09:05 Freed Al Jazeera journalist Peter Greste

Peter Greste (file photo)

Peter Greste (file photo) Photo: AFP

The freed al-Jazeera journalist Peter Greste says media freedoms are under threat and governments are using the war on terror as an excuse to limit press freedom. Mr Greste, a former Radio New Zealand correspondent, was jailed for 400 days in an Egyptian prison along with Al Jazeera colleagues Mohammed Fahmy and Baher Mohammed. They were convicted of supporting the banned Muslim Brotherhood group and sentenced to seven years in prison. Peter Greste was released in February and deported to Australia. His friends and colleagues, Baher Mohammed who is an Egyptian national, and Mohammed Fahmy a dual Egyptian-Canadian national, are on bail in Cairo, awaiting retrial.

Mr Greste says the past three years have been the most dangerous for journalists since the Committee to Protect Journalists began keeping records in 1991. He says the so-called war on terror has left journalists open to attack from governments of all kinds, and he’s advocating for a universal charter of media freedoms, which would define the relationship between governments and the media. Mr Greste says 400 days in prison tested his limits but did not damage him.

09:30 Review of teaching of digital tech in schools

A major review is underway into how digital and computer technology is taught in schools amid concerns that the education system has failed to recognise its importance and value to the economy.

The government has asked the ministry of Education to undertake a review. The Ministry has commissioned a group of educators, students, academics and key members of the tech industry to assess how it is taught now, and what more needs to be done.

Evan Blackman, Microsoft New Zealand's Education Sector Director; Professor Tim Bell, Canterbury University Director of Software Engineering Studies and 17-year-old student, Sebastian Hallum Clarke, who is set to study computer science and economics at Princeton and currently runs his own software company, Zibity, discuss.

09:45 UK Correspondent, Dame Ann Leslie

Dame Ann Leslie reports on the election campaign (just three weeks to go until the general election) and the aftermath of the diamond heist. 

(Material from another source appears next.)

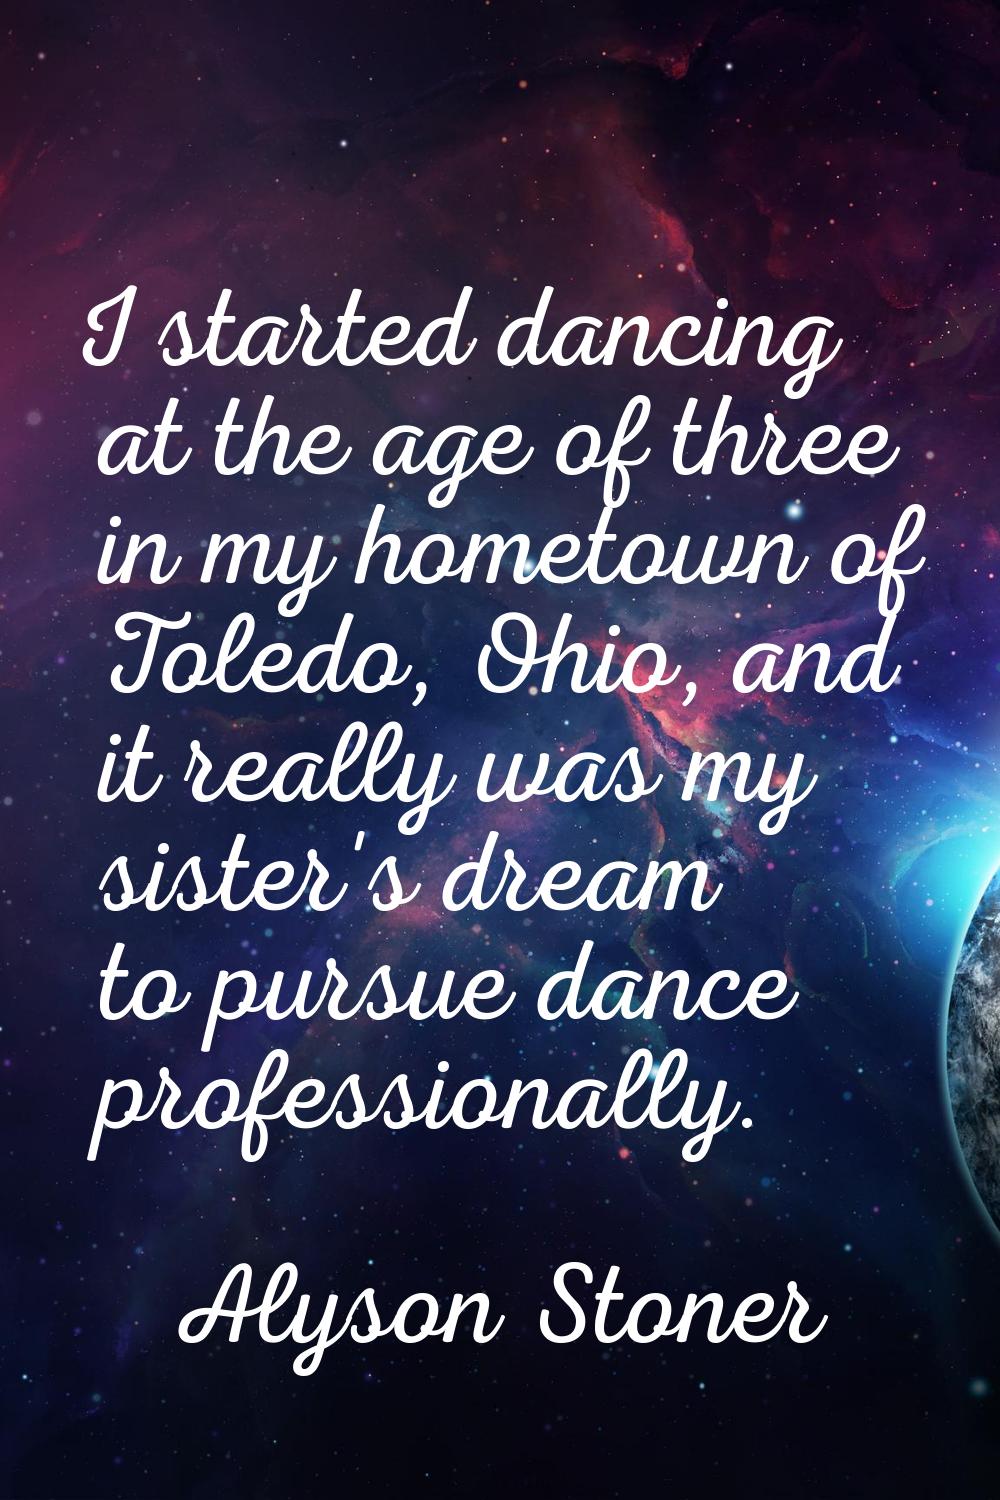 I started dancing at the age of three in my hometown of Toledo, Ohio, and it really was my sister's
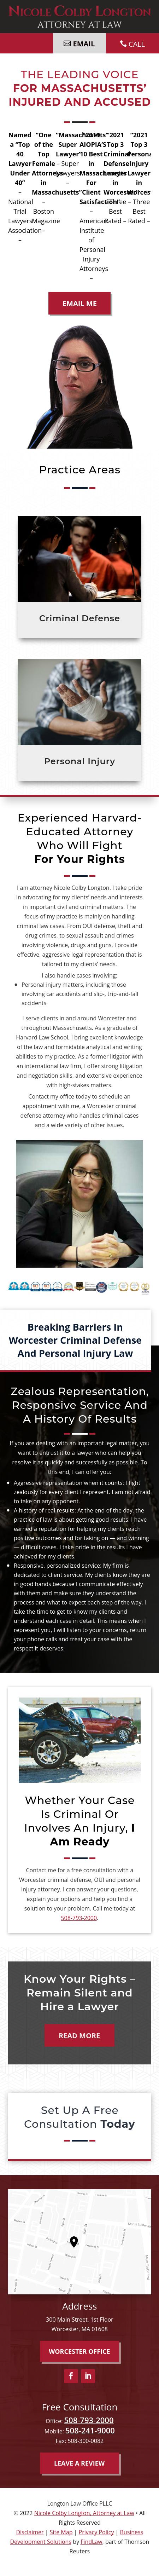 Nicole Colby Longton, Attorney at Law - Worcester MA Lawyers

10:05 Australia prepares to open its first body farm

What happens to a body when it starts to decompose is not a subject many people want to think about, but for forensic scientists like Shari Forbes, who is setting up Australia's first body farm, a body's breakdown gives vital evidence of the timing and way in which a person has died. There are currently five body farms in the United States where dead bodies are deposited in secure outdoor facilities so that their decomposition can be closely monitored and now Sydney's University of Technology is preparing to take donated bodies at a body farm on a 48 hectare bush site in the lower Blue Mountains, next year.

10:30 Book review: Last Night on Earth by Kevin Maher

Published by Little Brown. Reviewed by David Hill.

10:45 The Reading: The Godley Letters

Correspondence between Major General Godley and Lady Louisa Godley May to August 1915. Edited and arranged by Jane Tolerton. Read by Ginette McDonald and Sam Neill (4 of 10, RNZ).

11:05 New Technology commentator Erika Pearson

Looming court action over Global Mode, IBM creates Watson Health to start making sense of biometric data and a 3D printed rocket.

11:30 Toilet training and bedwetting - what's normal?

Continence nurse advisor Mary-Anne Caulfield discusses toilet training and dry nights for children – what is normal and when should parents worry?

11:45 TV Reviewer, Lara Strongman

TV Reviewer, Lara Strongman discusses Thunderbirds are Go, Game of Thrones, and The Bachelor NZ.